Retype, exactly as they stand, the lines from the start of the data to the line that contains "Sandalias señora sandalias", both ends included. Leave the pictures out.

- DATA:
····················

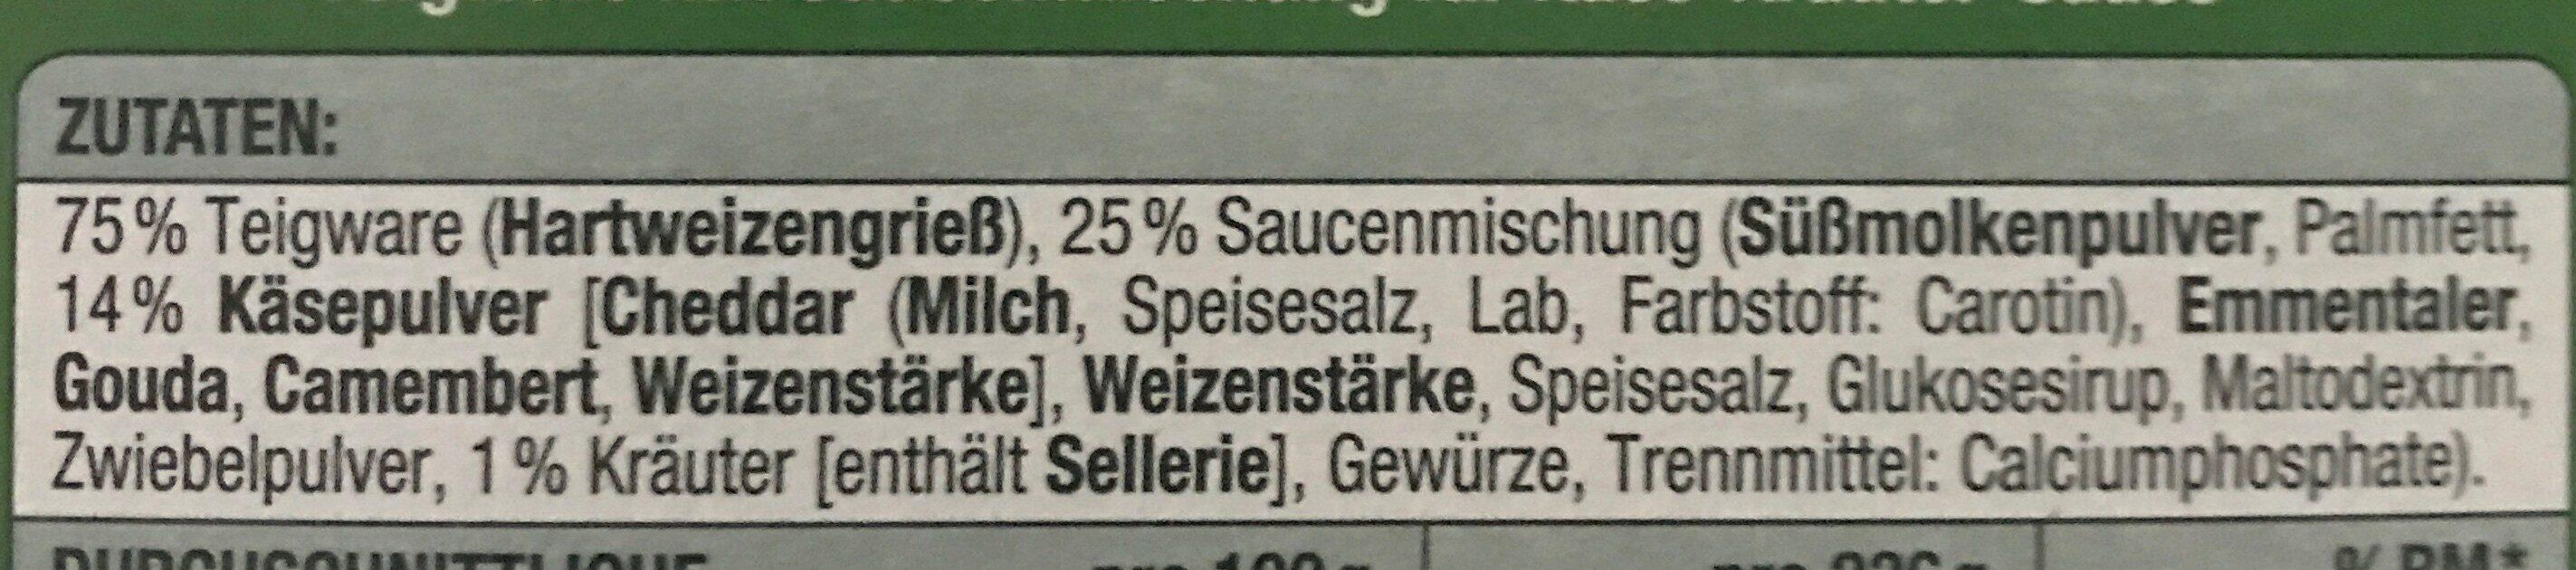 Farfalle mit Käse-Krauter-Sauce - Zutaten - de
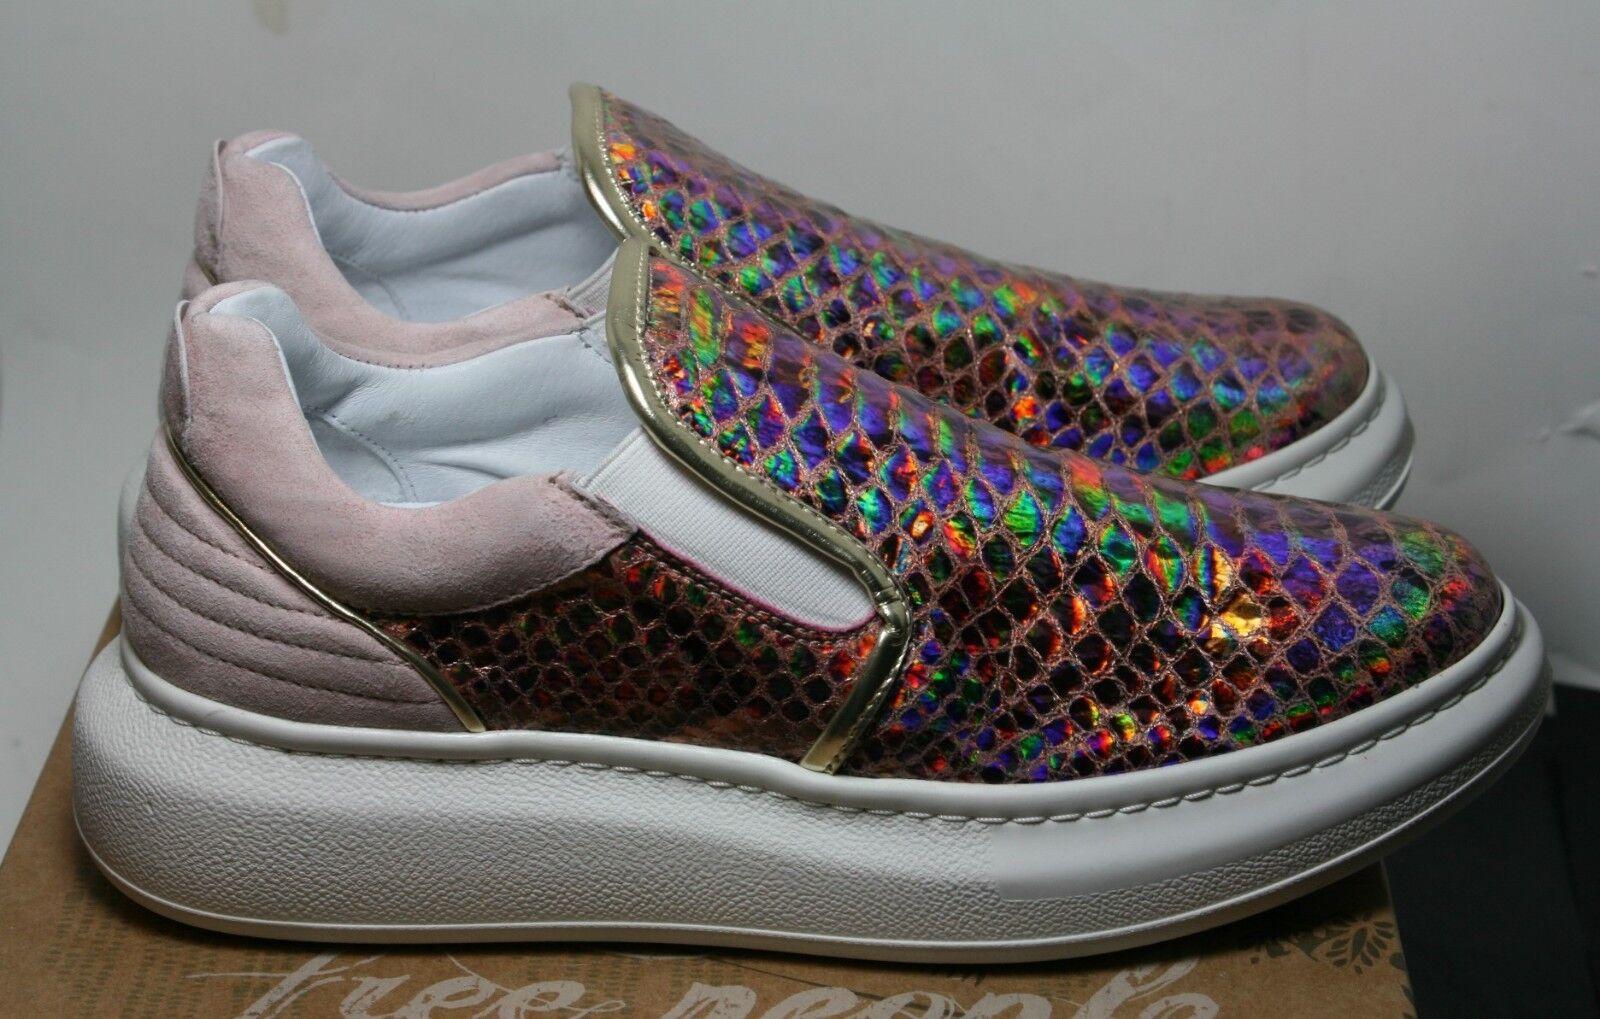 Zapatos Tenis Gratis Metálico Nova gente Gratis Tenis Nuevo 8  Piel De Serpiente textura FP Nuevo En Caja b0ef0d
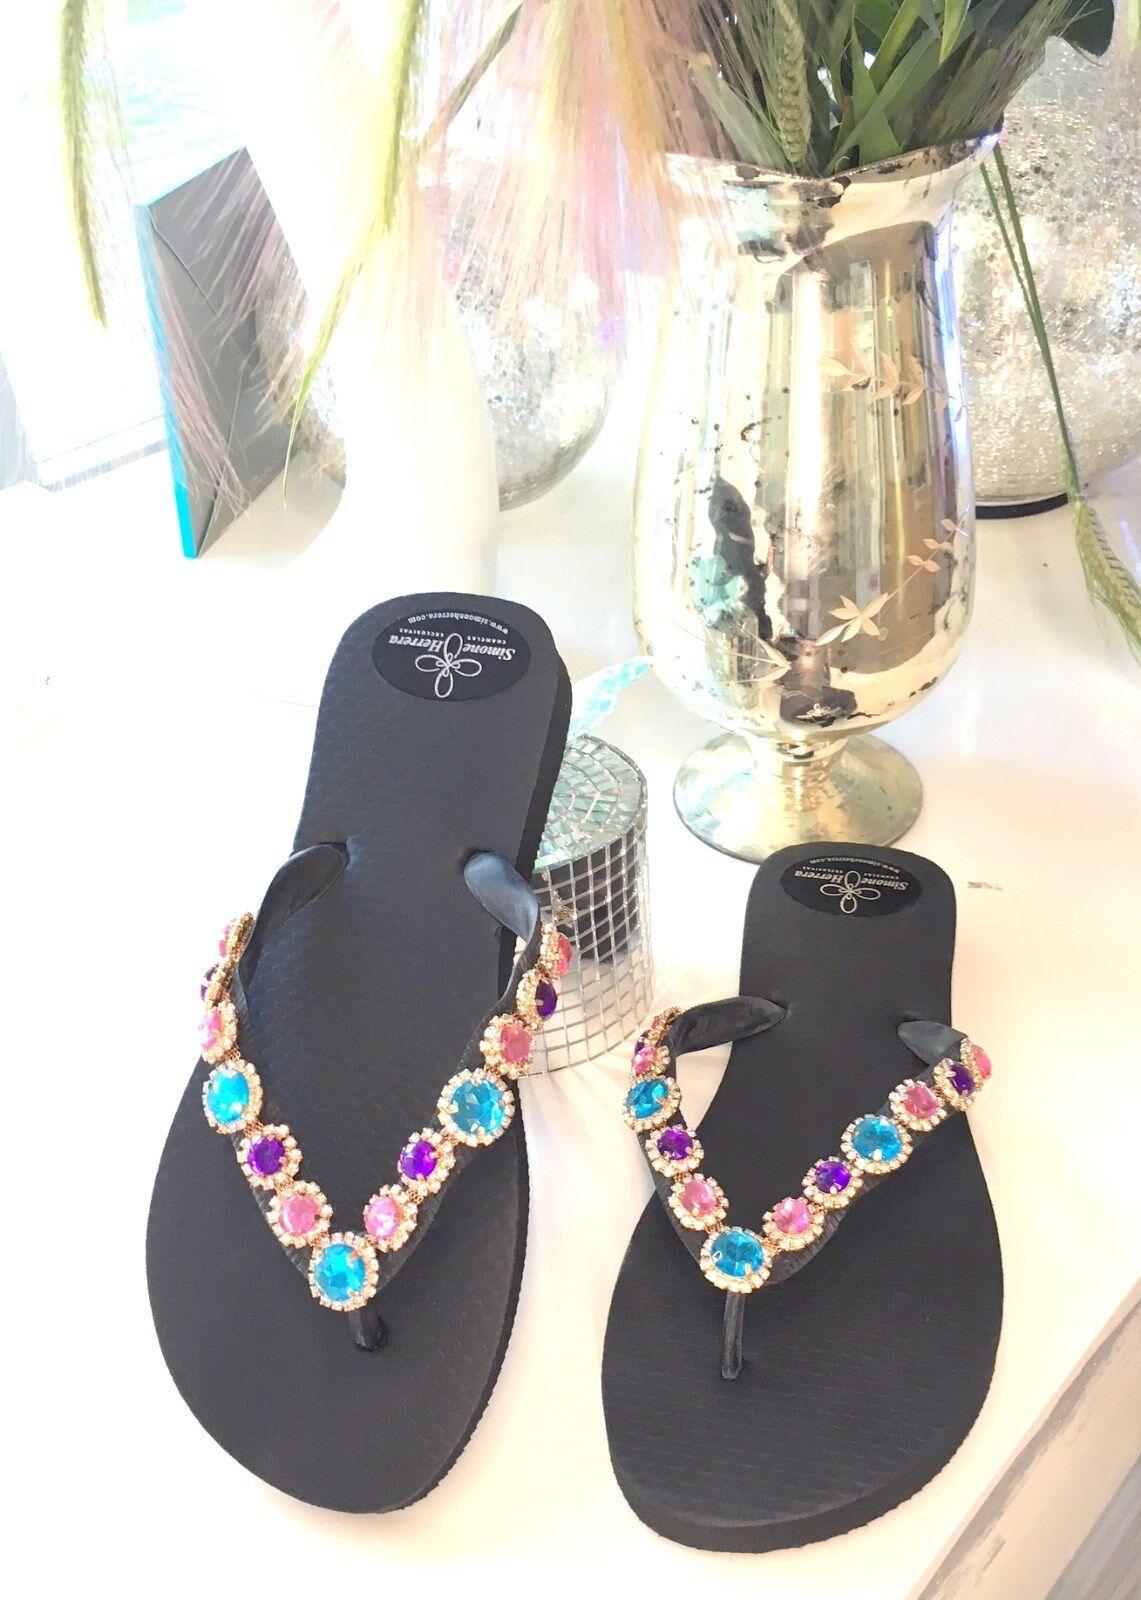 Sandalias señora sandalias tira dedos zapatos zapatos zapatos brillo pedrería multiColor 39 40  liquidación hasta el 70%
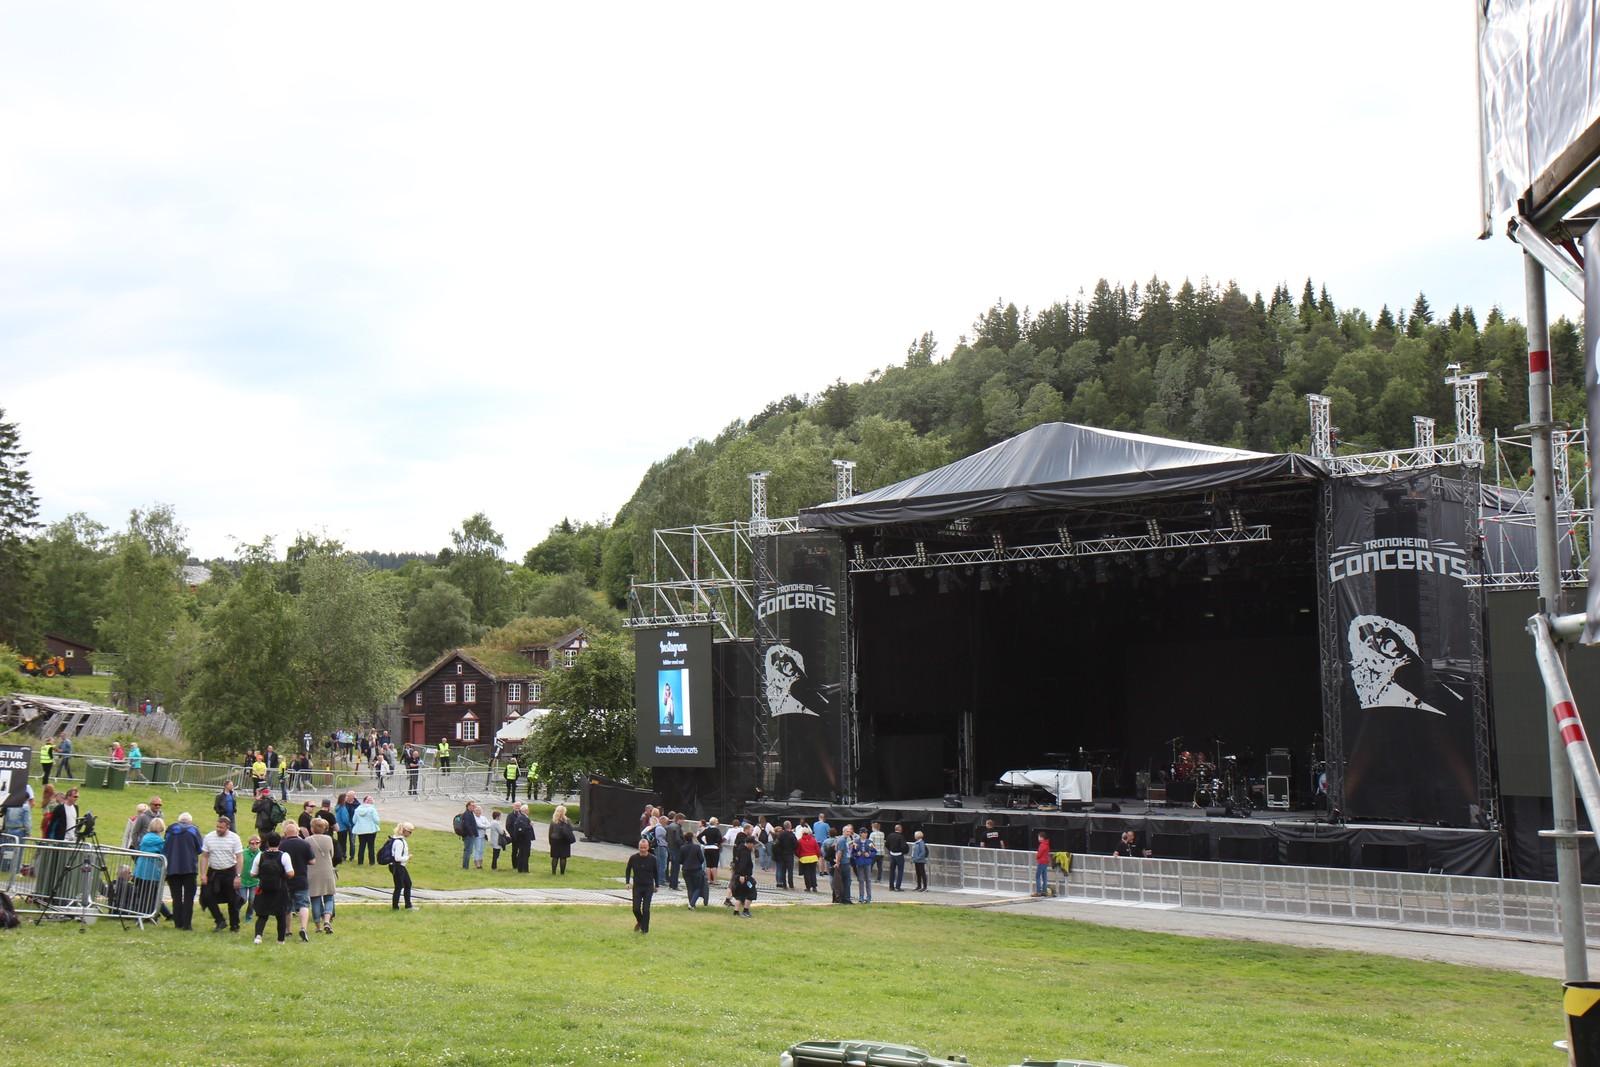 Publikum strømmer til Sverresborg og Elton John-konsert

····················

- SOLUTION FOR THIS PROBLEM:
 Farfalle mit Käse-Krauter-Sauce - Zutaten - de
 Zapatos Tenis Gratis Metálico Nova gente Gratis Tenis Nuevo 8  Piel De Serpiente textura FP Nuevo En Caja b0ef0d
 Sandalias señora sandalias tira dedos zapatos zapatos zapatos brillo pedrería multiColor 39 40  liquidación hasta el 70%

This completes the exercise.